▶ [SUPPLIED MATERIAL]
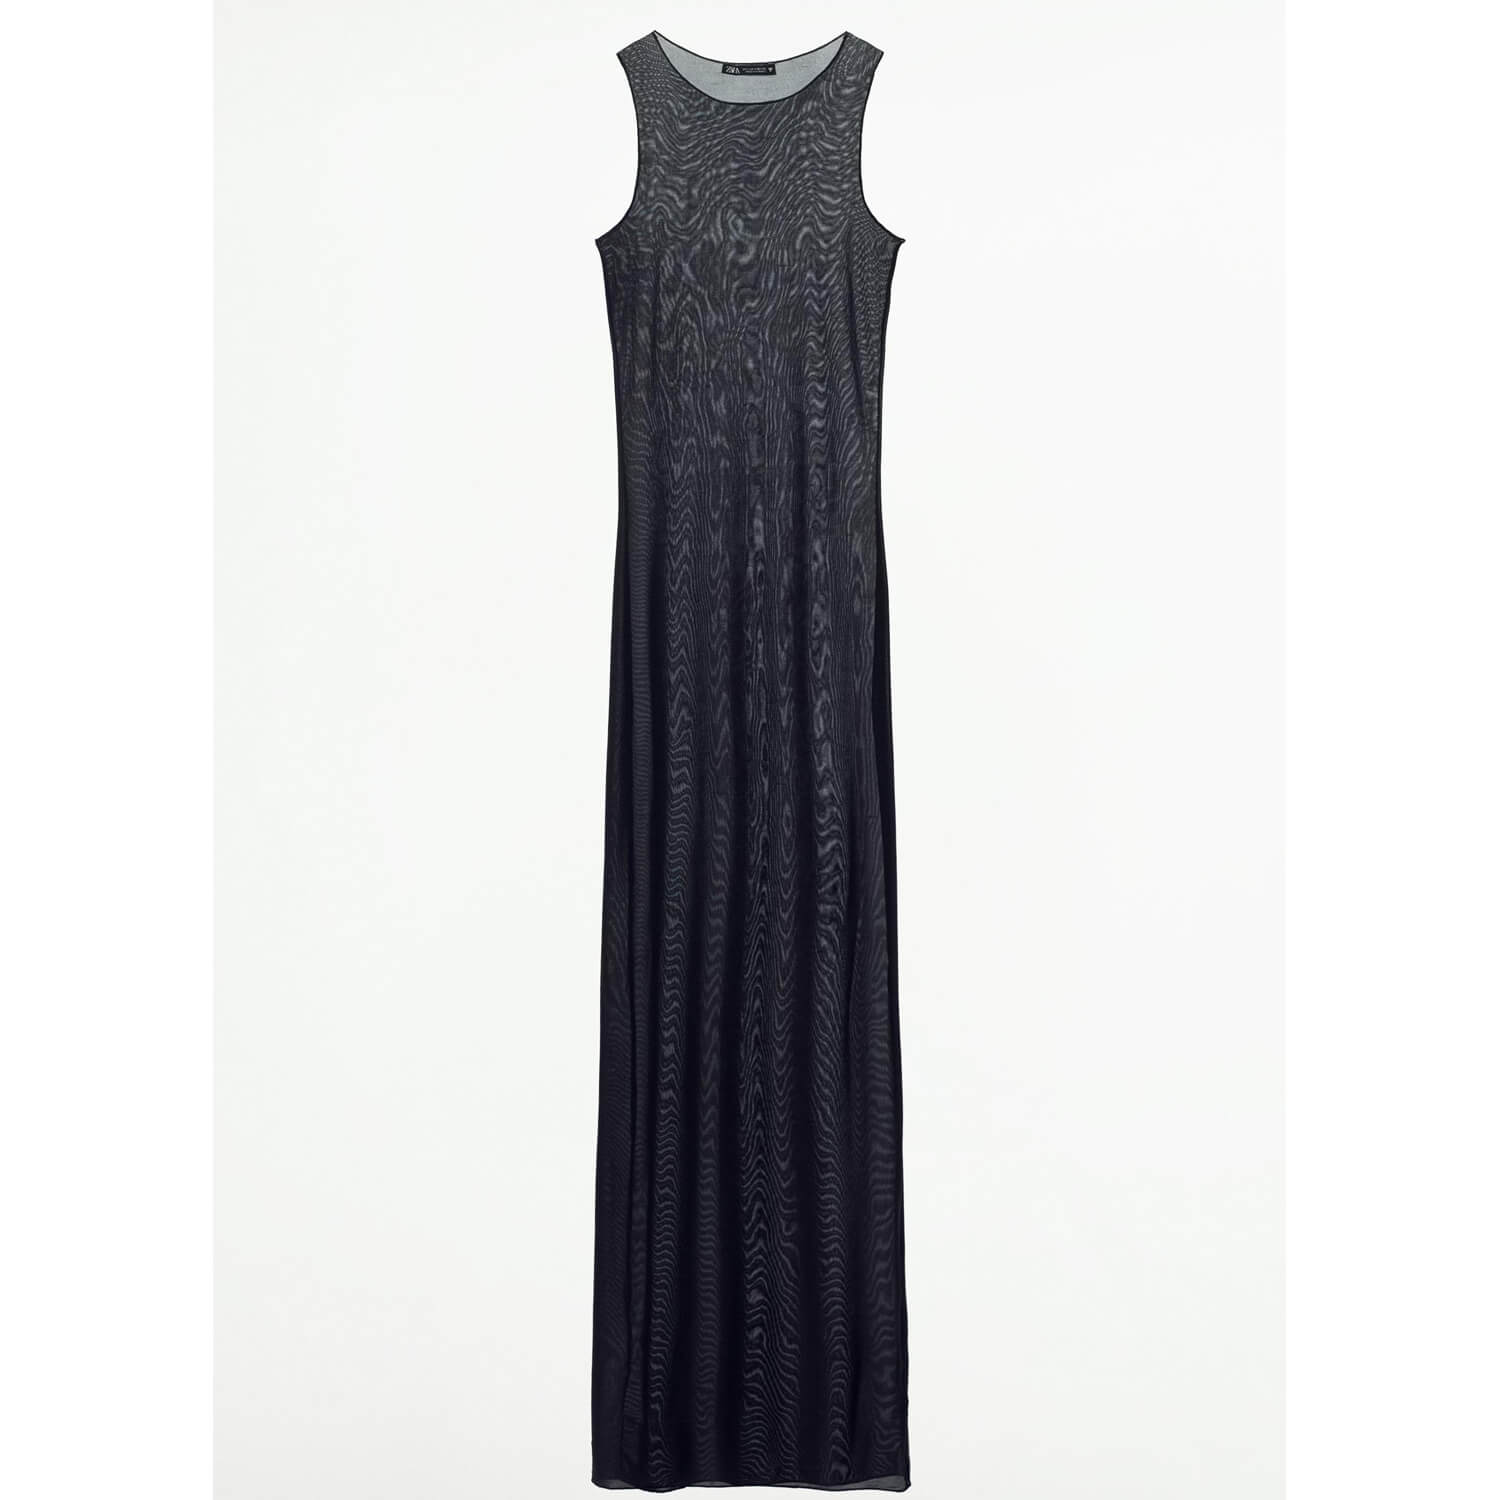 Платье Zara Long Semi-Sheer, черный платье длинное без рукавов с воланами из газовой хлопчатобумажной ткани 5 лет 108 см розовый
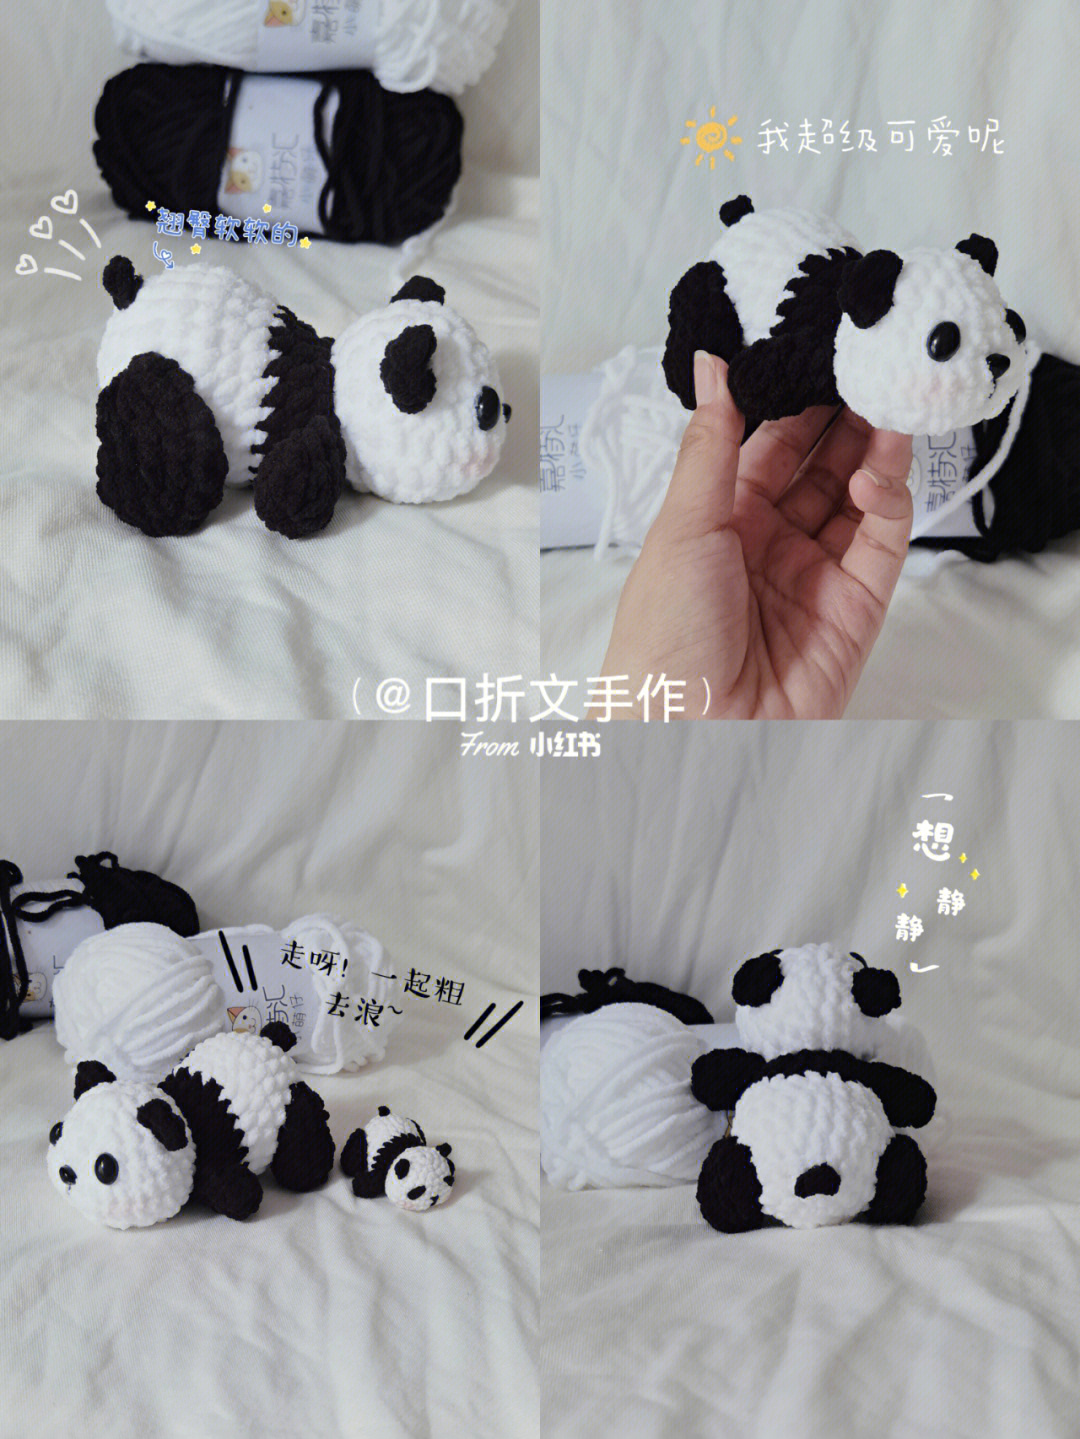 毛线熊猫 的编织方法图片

...

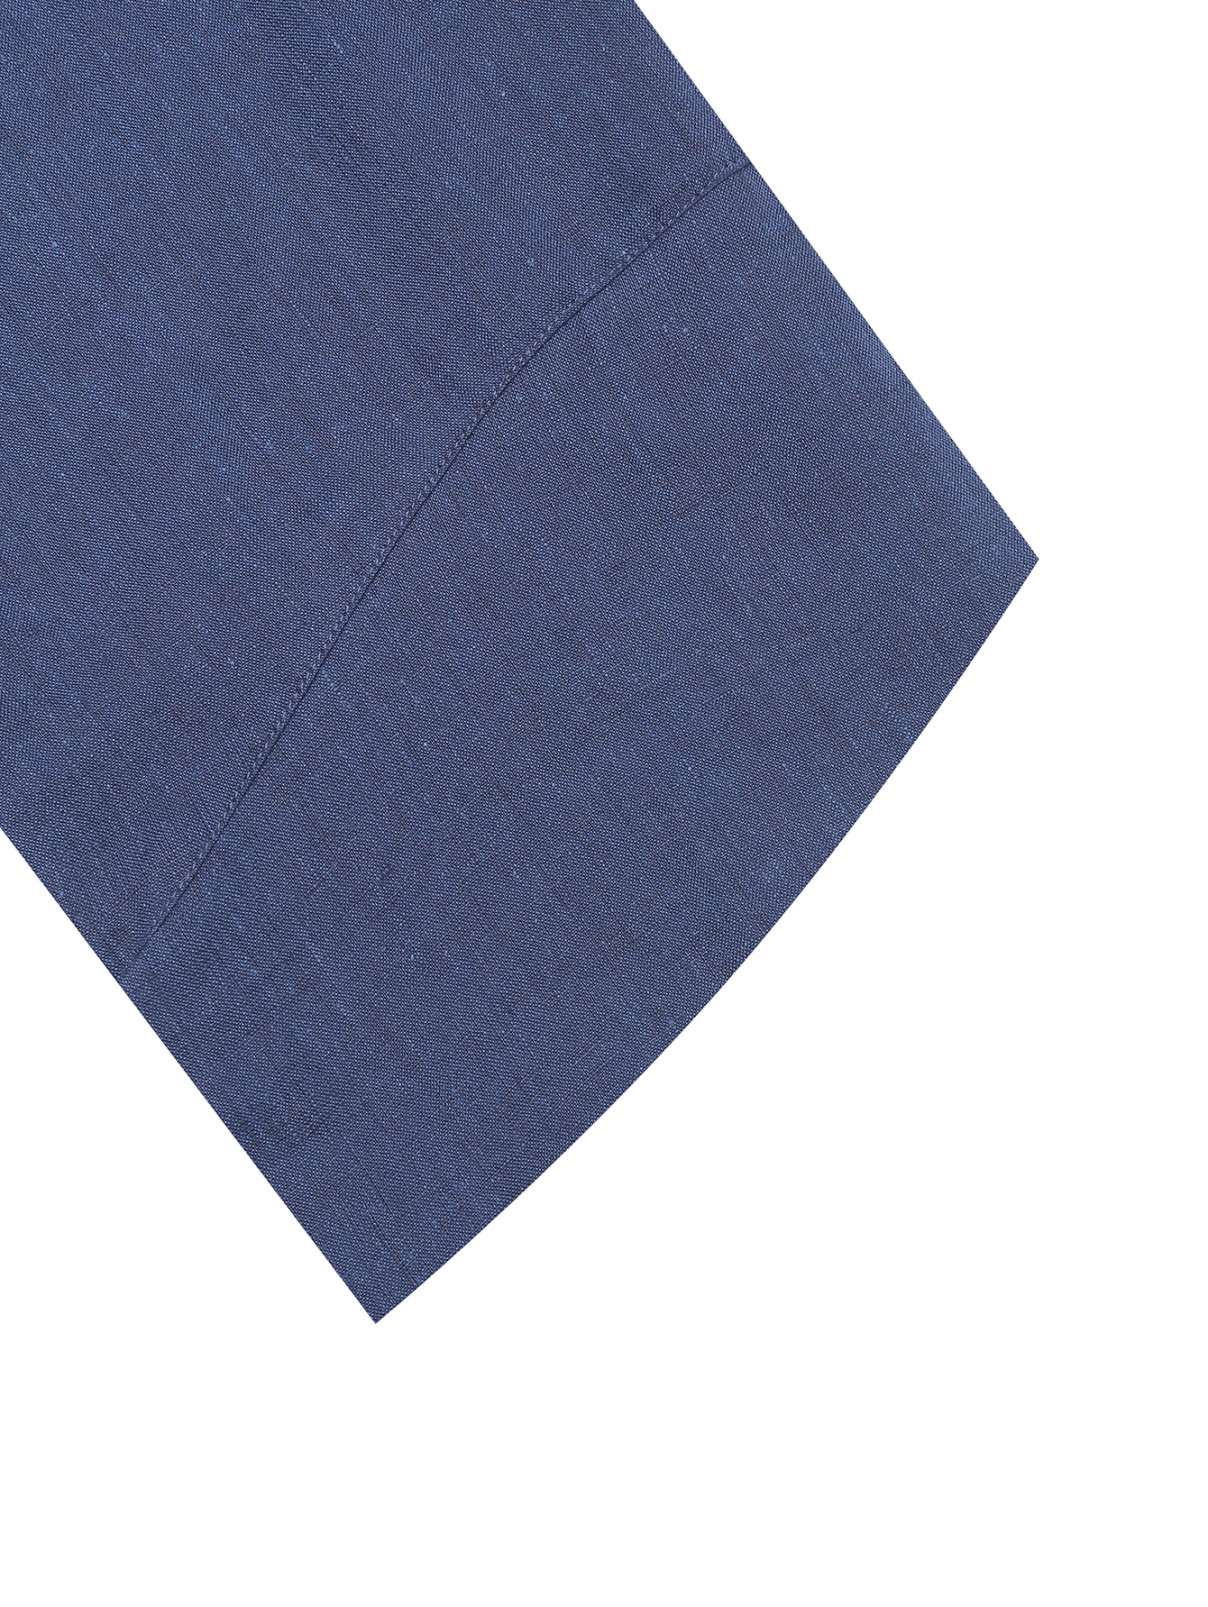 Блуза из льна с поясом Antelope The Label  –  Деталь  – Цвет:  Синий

---

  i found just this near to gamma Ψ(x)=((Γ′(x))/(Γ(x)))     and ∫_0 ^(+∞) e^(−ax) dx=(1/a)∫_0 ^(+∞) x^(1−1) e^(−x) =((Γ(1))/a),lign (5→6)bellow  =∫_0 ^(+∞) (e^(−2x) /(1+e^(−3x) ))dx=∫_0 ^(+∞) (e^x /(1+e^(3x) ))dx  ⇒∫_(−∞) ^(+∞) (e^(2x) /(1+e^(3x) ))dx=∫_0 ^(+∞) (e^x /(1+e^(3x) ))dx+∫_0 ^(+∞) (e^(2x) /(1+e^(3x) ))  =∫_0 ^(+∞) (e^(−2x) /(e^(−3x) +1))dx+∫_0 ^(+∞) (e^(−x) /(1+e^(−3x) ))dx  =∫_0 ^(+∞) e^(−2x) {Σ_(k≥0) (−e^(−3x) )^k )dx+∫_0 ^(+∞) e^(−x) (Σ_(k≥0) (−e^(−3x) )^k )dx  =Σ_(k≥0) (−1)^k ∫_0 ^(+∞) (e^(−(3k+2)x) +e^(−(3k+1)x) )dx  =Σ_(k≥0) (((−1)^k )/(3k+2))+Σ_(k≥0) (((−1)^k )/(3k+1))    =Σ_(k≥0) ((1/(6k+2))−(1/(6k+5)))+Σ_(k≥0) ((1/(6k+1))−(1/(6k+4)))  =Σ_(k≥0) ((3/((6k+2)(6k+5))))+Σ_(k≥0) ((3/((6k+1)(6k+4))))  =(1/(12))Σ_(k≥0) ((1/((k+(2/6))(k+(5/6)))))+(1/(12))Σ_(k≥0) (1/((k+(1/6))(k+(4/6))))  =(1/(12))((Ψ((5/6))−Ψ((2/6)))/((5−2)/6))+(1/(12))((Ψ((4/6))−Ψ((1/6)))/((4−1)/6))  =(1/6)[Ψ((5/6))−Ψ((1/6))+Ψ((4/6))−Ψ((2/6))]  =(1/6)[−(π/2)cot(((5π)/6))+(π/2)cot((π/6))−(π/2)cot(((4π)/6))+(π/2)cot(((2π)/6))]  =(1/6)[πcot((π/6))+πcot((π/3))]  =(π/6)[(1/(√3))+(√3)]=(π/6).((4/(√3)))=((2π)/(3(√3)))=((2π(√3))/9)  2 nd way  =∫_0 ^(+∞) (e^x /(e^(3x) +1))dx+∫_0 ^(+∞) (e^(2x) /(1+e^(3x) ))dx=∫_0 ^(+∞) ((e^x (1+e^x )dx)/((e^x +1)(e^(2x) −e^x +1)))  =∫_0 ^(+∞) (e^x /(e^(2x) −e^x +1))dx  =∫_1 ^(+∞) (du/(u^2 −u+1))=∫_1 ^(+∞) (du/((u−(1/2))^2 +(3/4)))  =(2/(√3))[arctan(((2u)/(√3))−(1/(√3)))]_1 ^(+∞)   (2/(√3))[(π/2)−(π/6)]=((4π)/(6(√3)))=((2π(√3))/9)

▶ [TASK INSTRUCTIONS]
Set down word for word the lines above from the one with "Платье Zara Long" up to and including the one with "毛线熊猫 的编织方法图片". Omit every picture.

▶ [EXERCISE OUTPUT]
 Платье Zara Long Semi-Sheer, черный платье длинное без рукавов с воланами из газовой хлопчатобумажной ткани 5 лет 108 см розовый
 毛线熊猫 的编织方法图片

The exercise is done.